_DATA PROVIDED_.
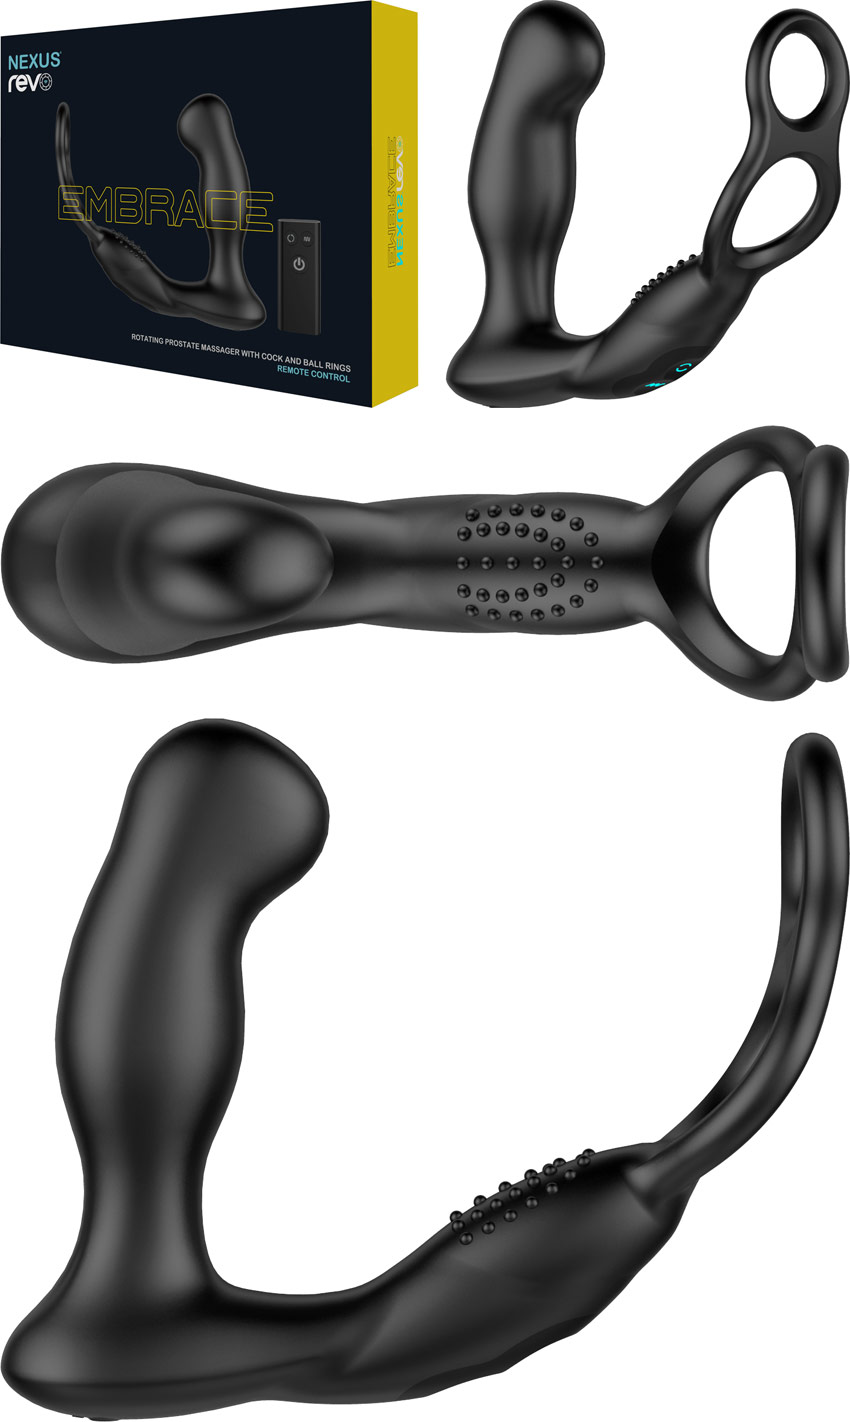 Nexus Revo Embrace prostate stimulator and penis ring
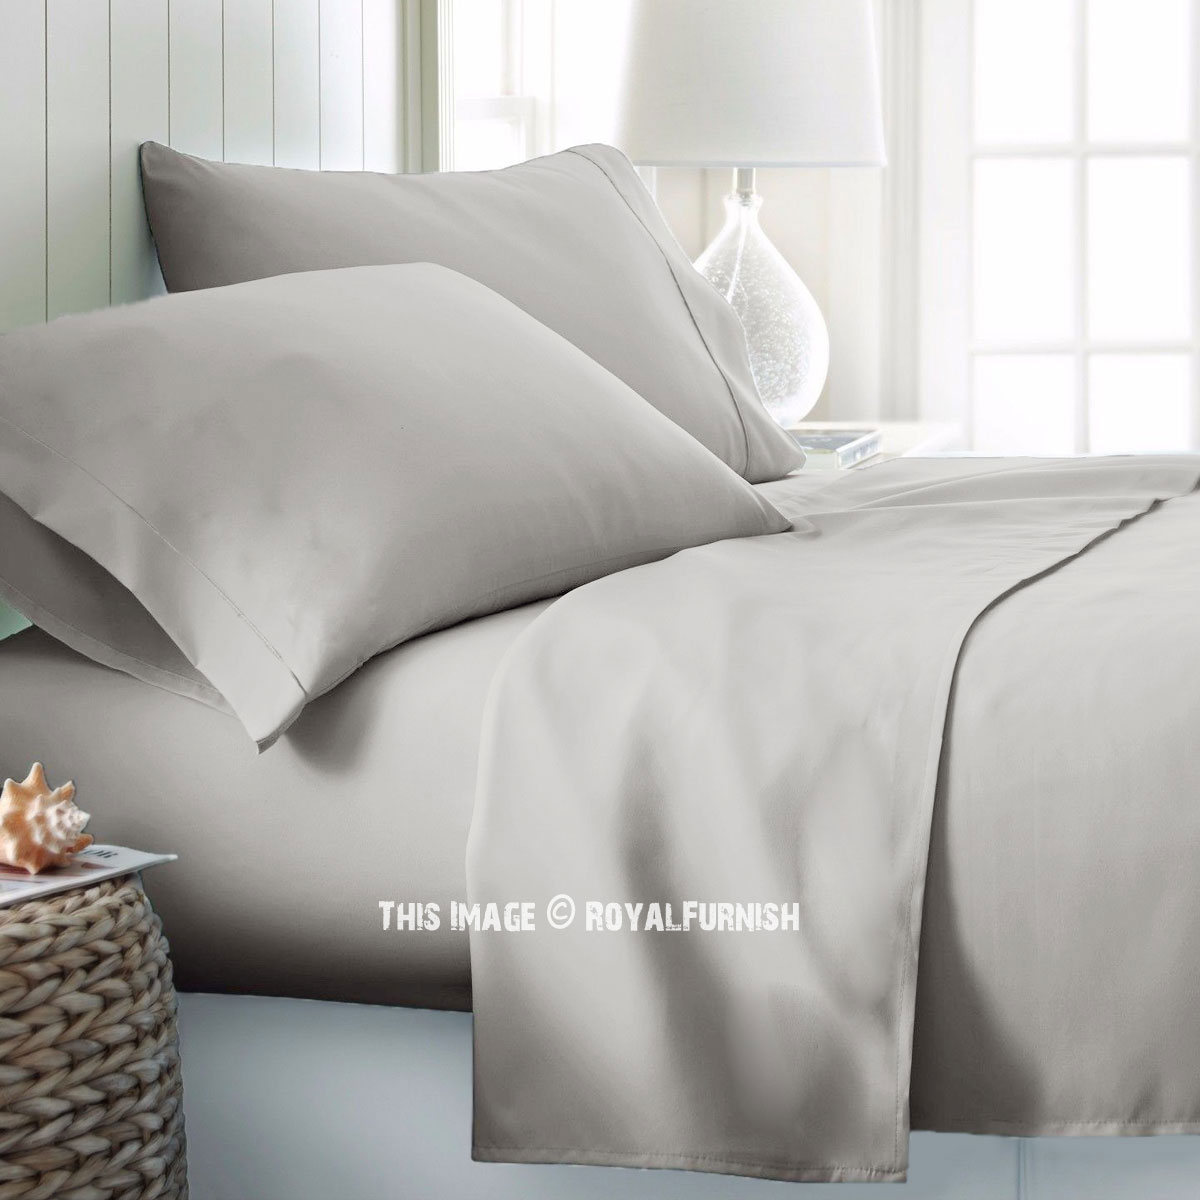 Light Grey 4pc Cotton Bed Sheet Set 1, Light Grey King Size Bed Sheet Set
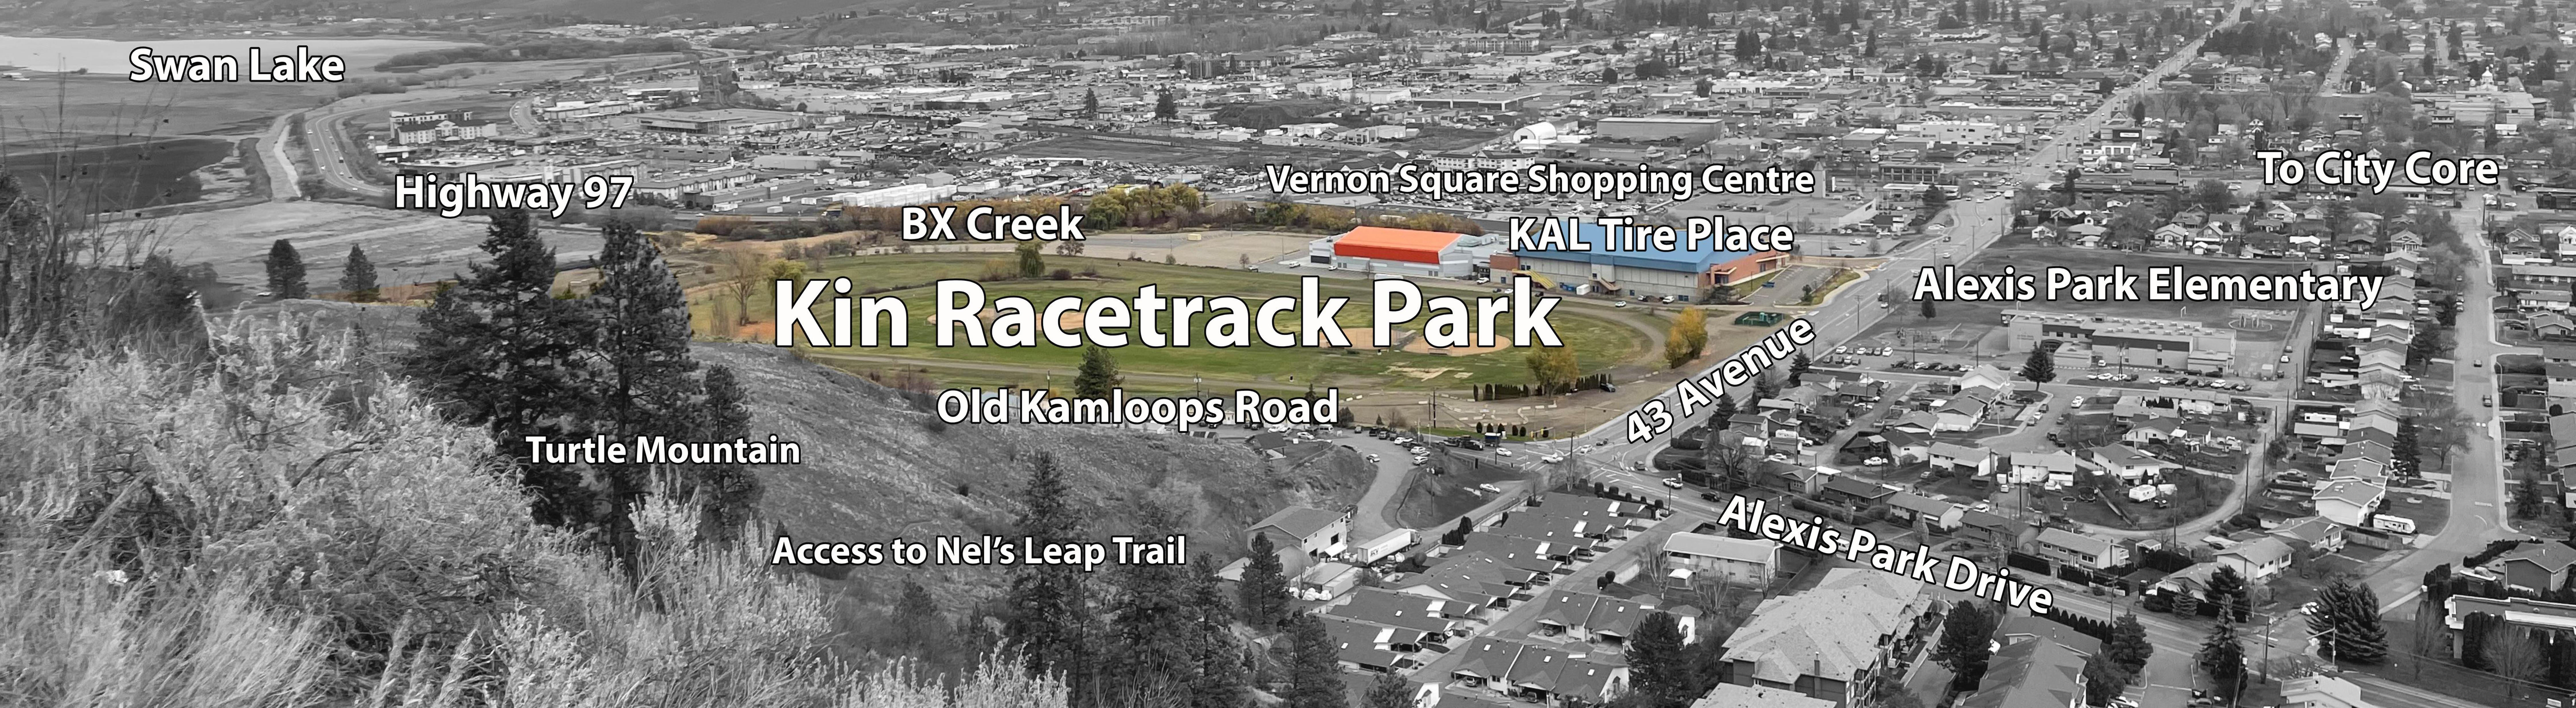 Kin Race Track Park Planning
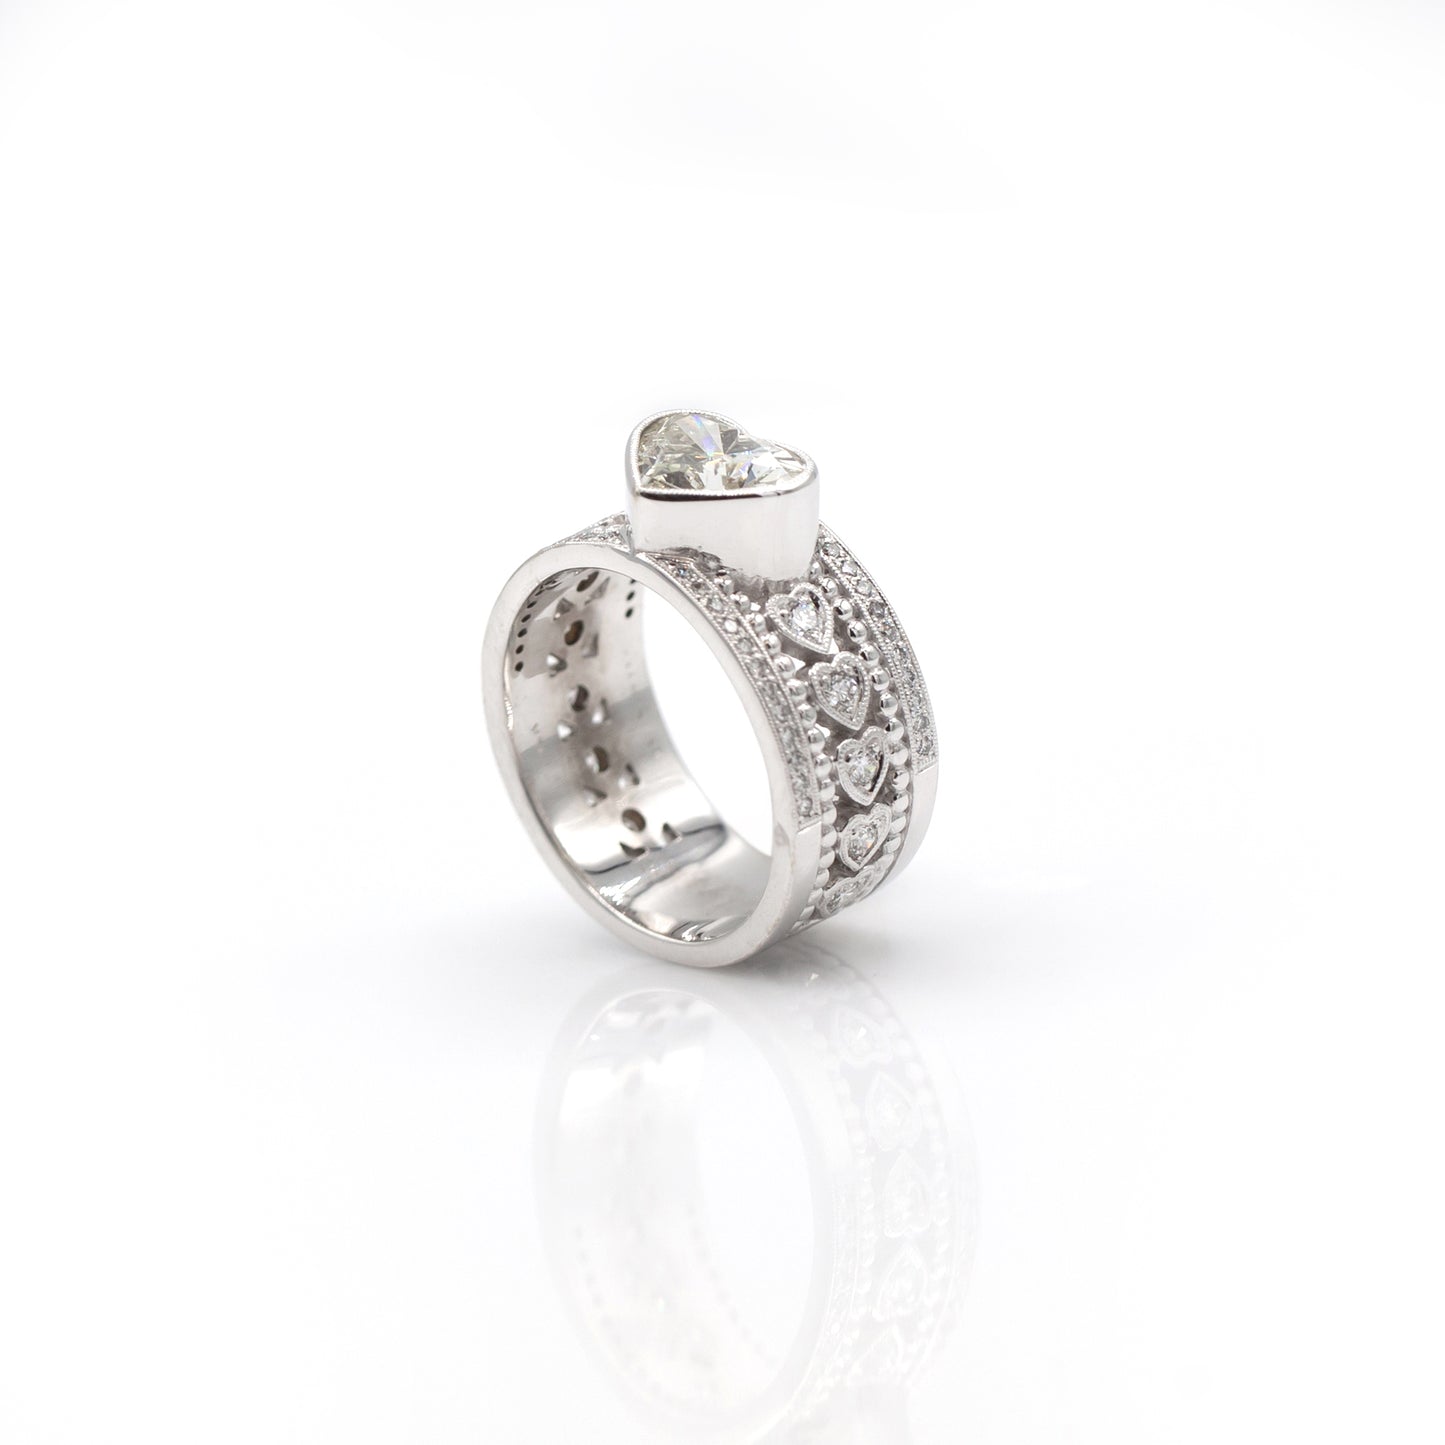 Tom Mathis Designs 2.45CT Heart-Shaped Diamond Ring

_EXERCISE INSTRUCTIONS_. Leave the images out. Set down all of the material above exactly.

_SOLUTION TO THIS TASK_.
 Nexus Revo Embrace prostate stimulator and penis ring
 Light Grey 4pc Cotton Bed Sheet Set 1, Light Grey King Size Bed Sheet Set
 Kin Race Track Park Planning
 Tom Mathis Designs 2.45CT Heart-Shaped Diamond Ring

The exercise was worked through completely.